***** Records *****

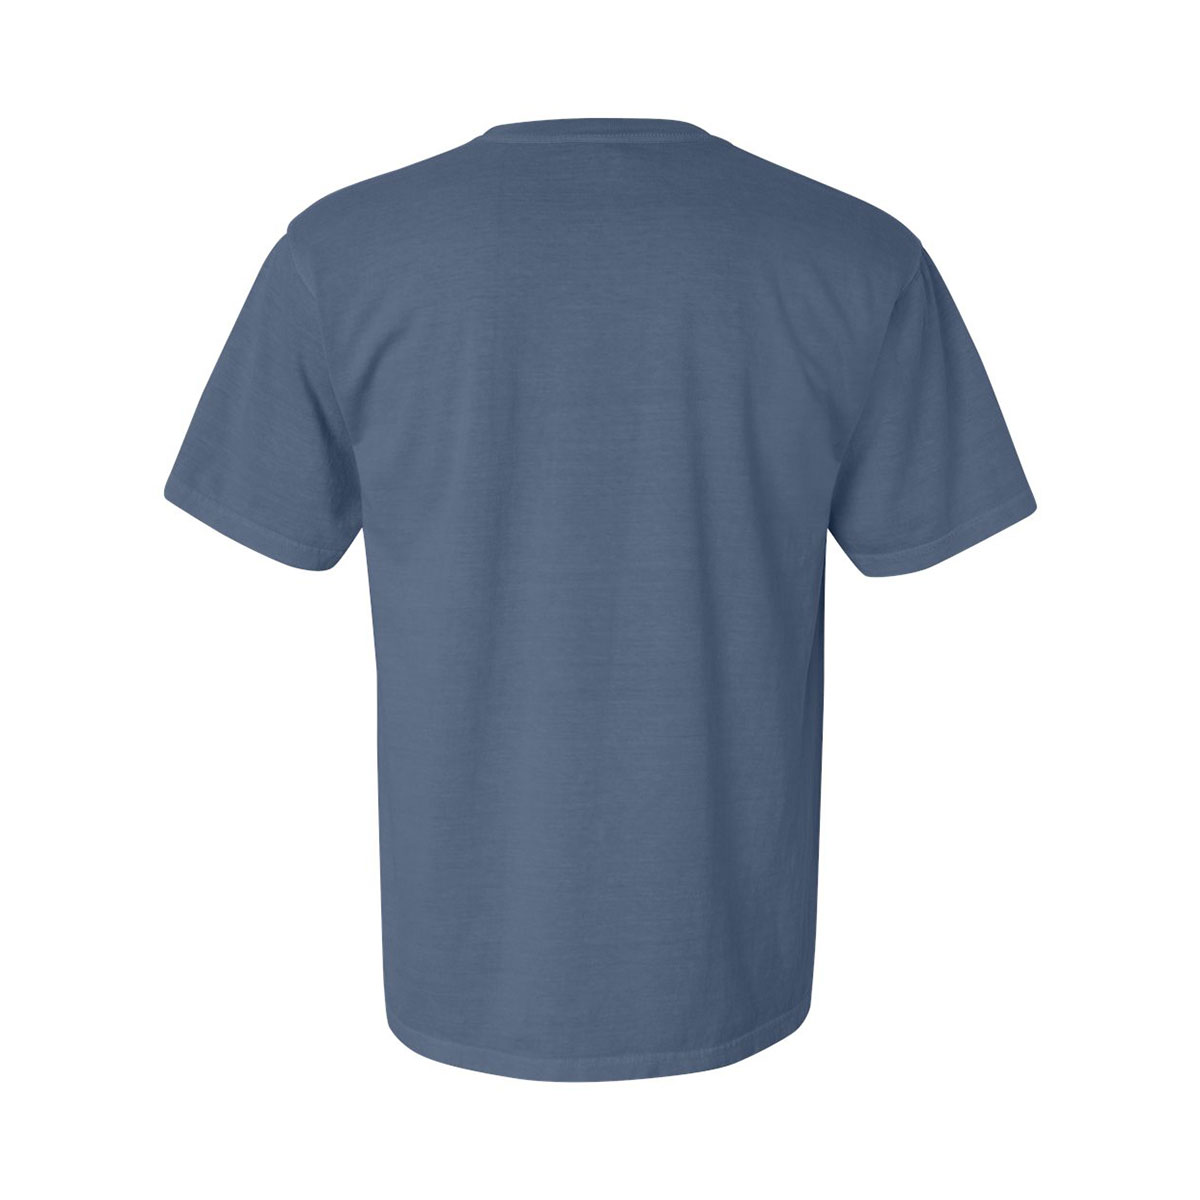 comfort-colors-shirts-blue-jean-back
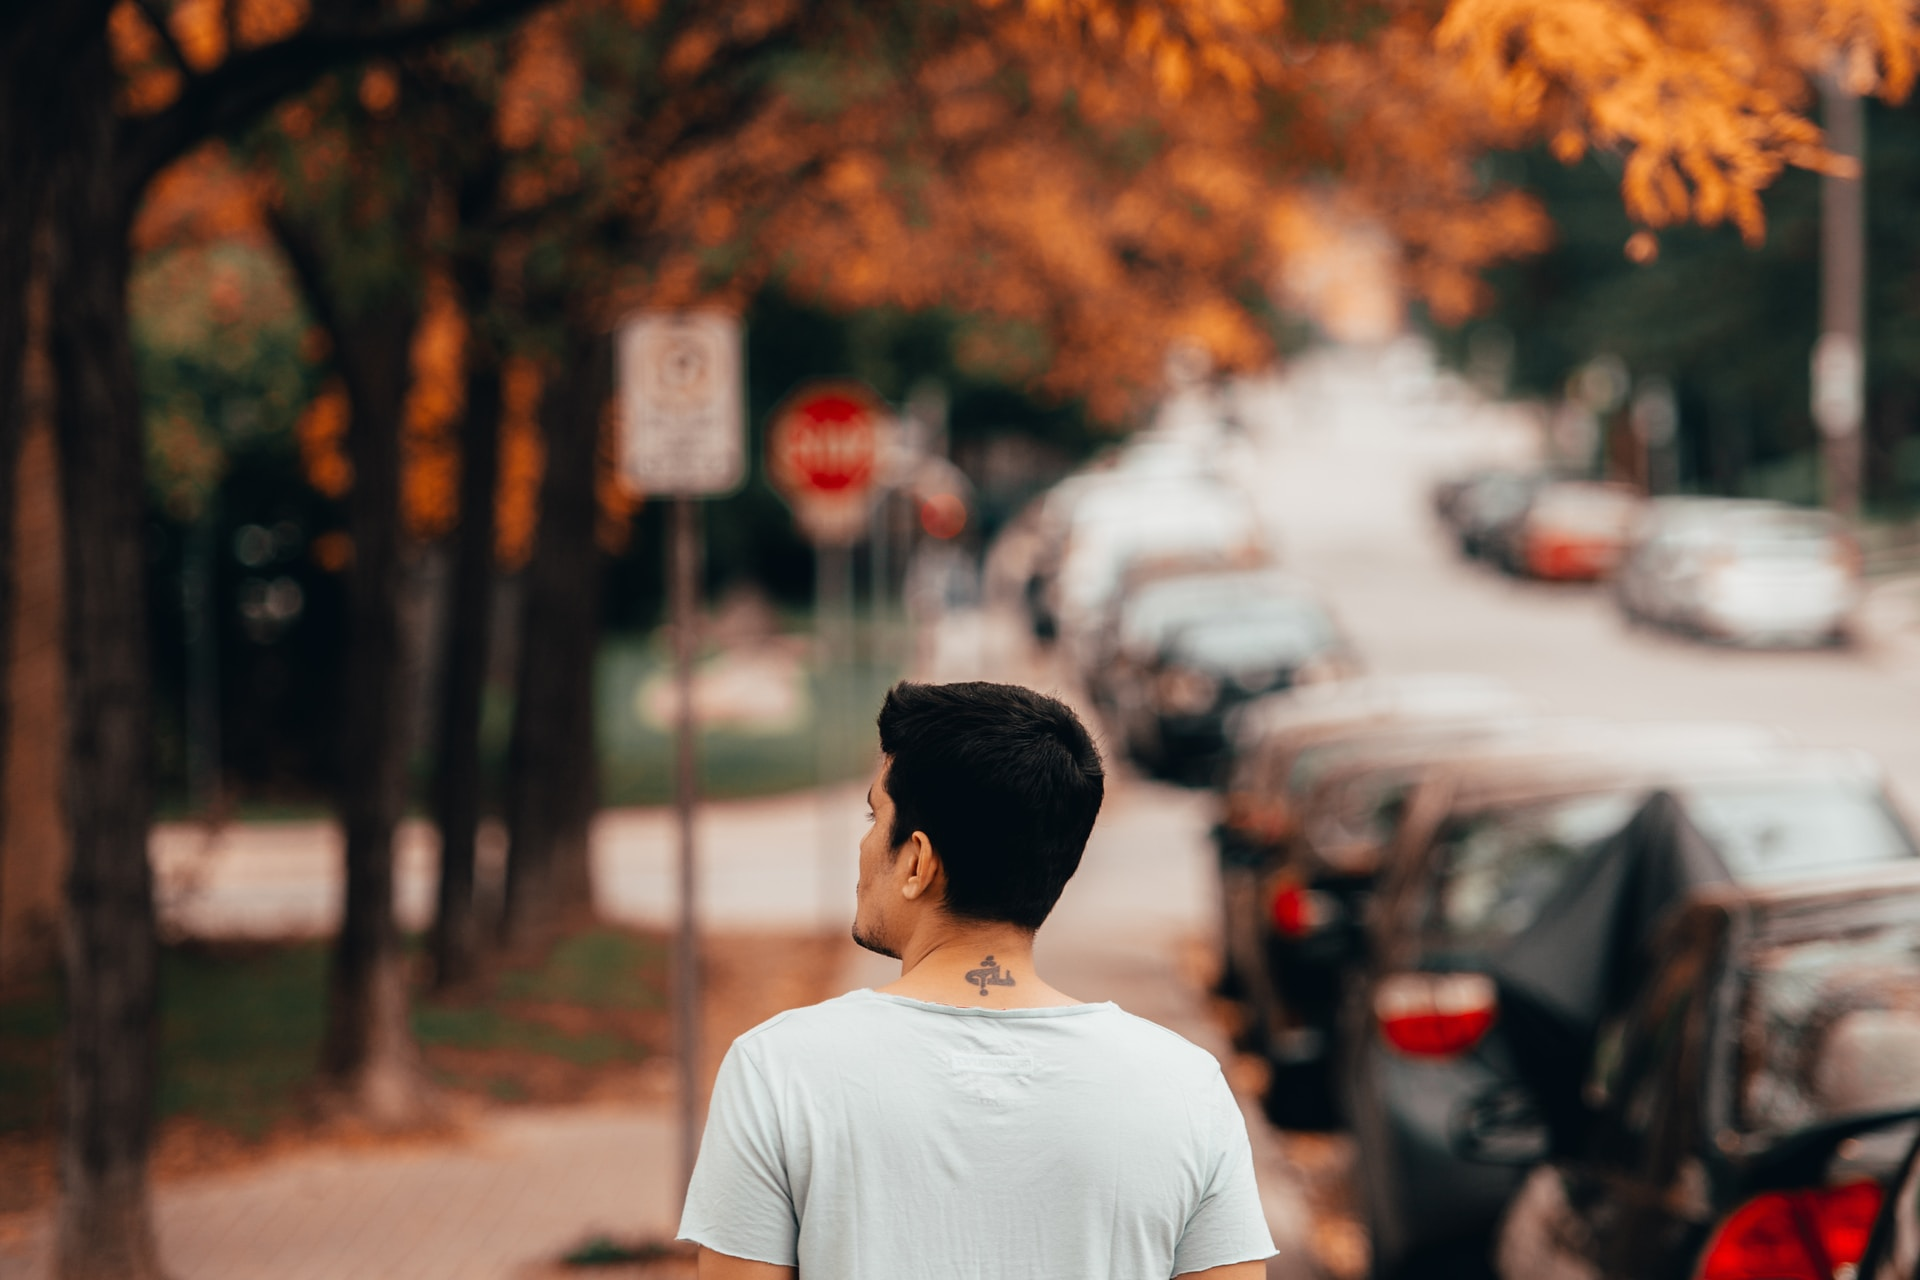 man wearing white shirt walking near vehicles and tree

*****
***** Records *****

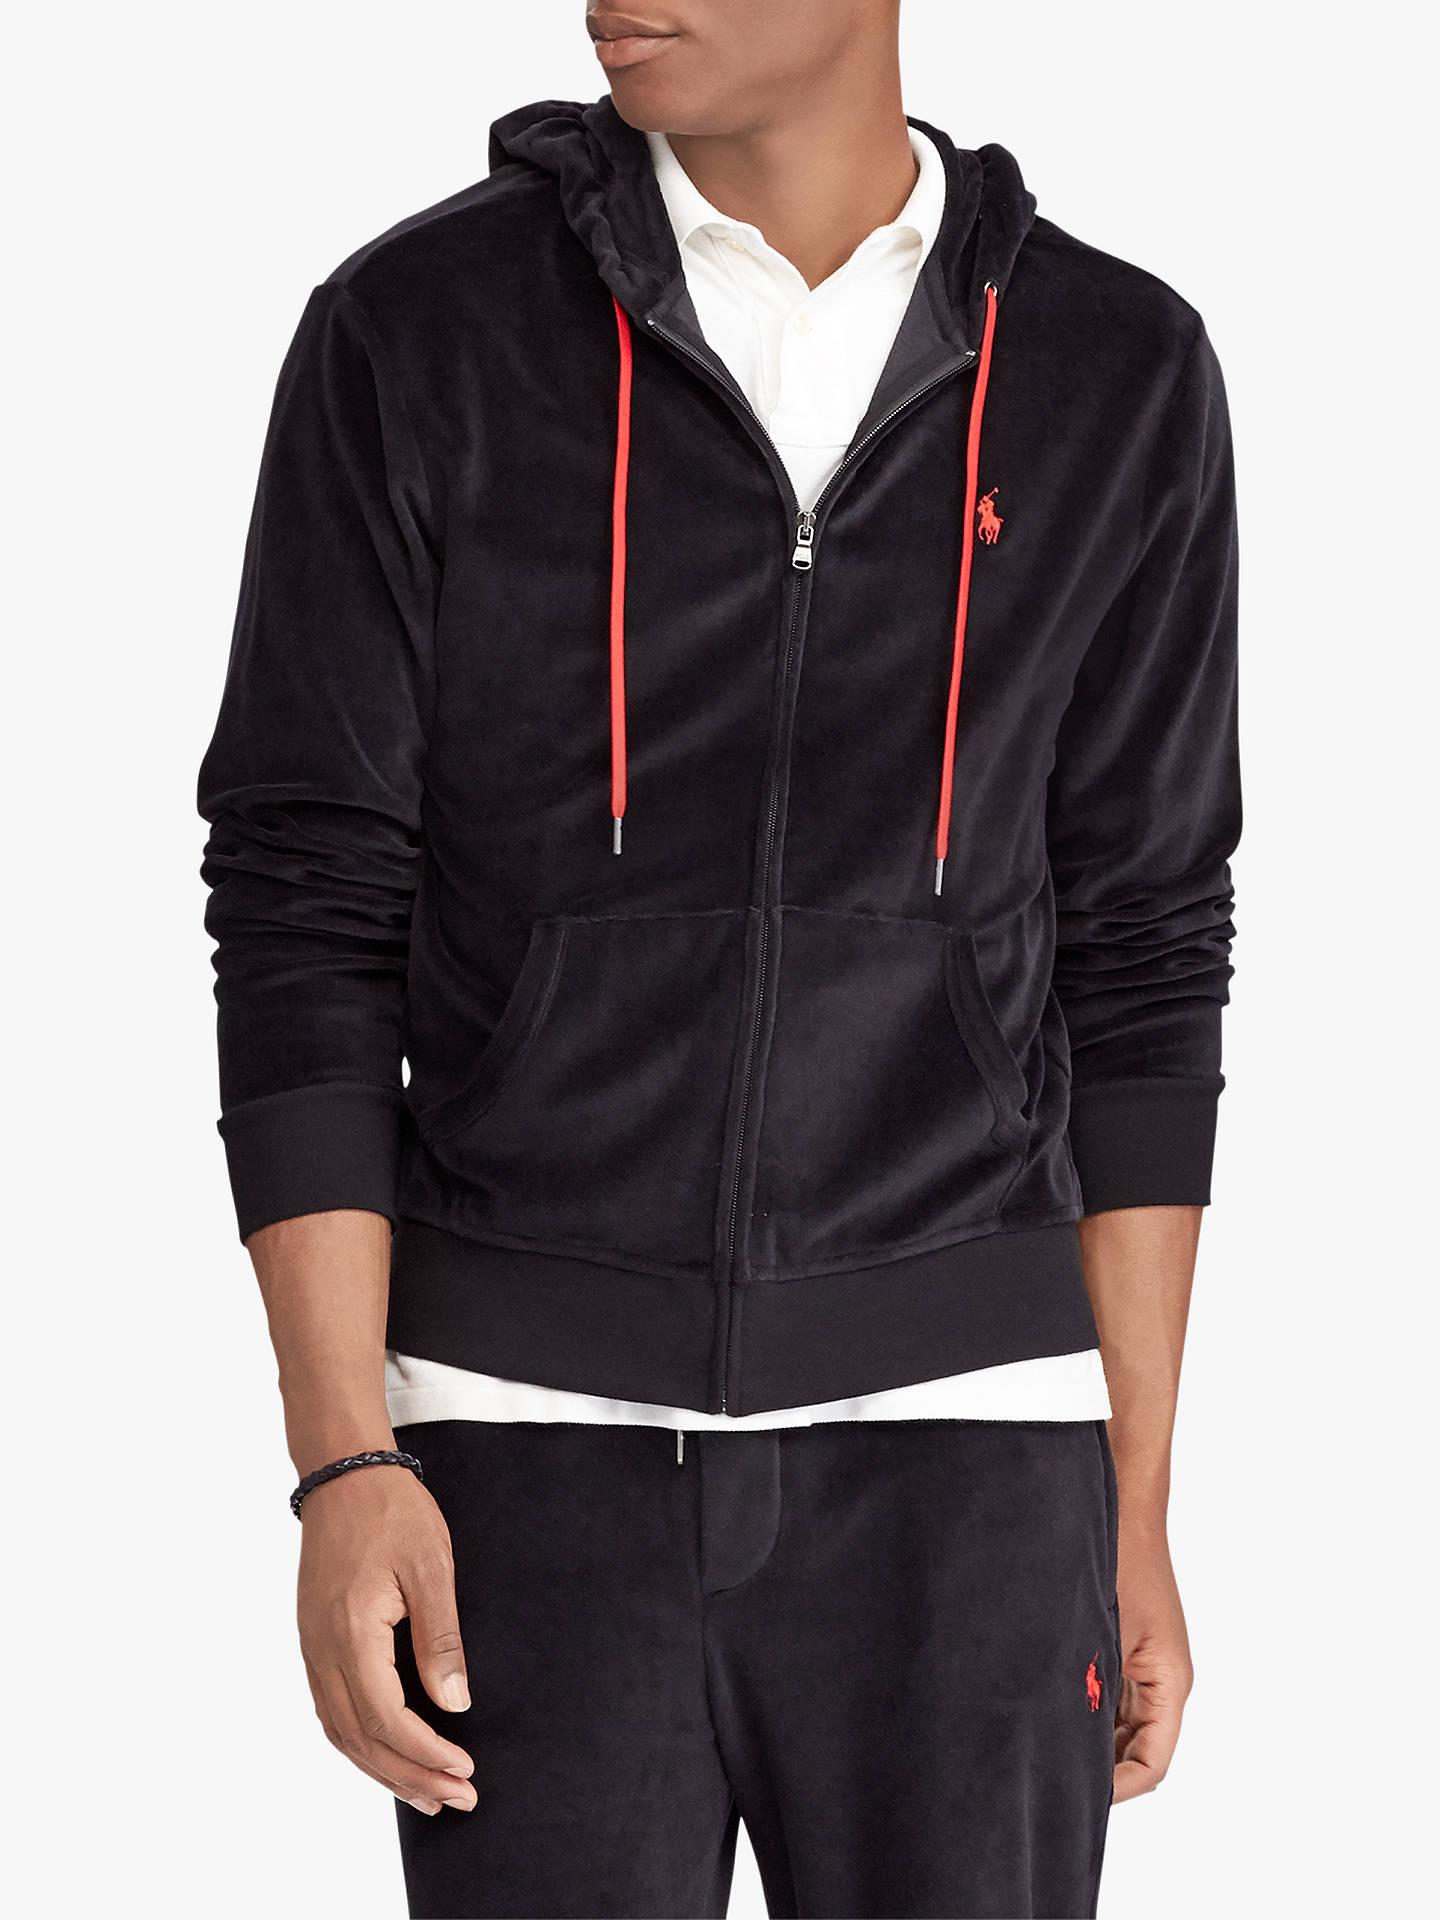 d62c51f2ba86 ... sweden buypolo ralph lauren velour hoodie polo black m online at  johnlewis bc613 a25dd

*****

### Your objective
Nothing but the lines from the one containing "comfort-colors-shirts-blue-jean-back" through the one containing "man wearing white" should appear, copied exactly from the material above and without pictures.

### Answer for the task
 comfort-colors-shirts-blue-jean-back
 man wearing white shirt walking near vehicles and tree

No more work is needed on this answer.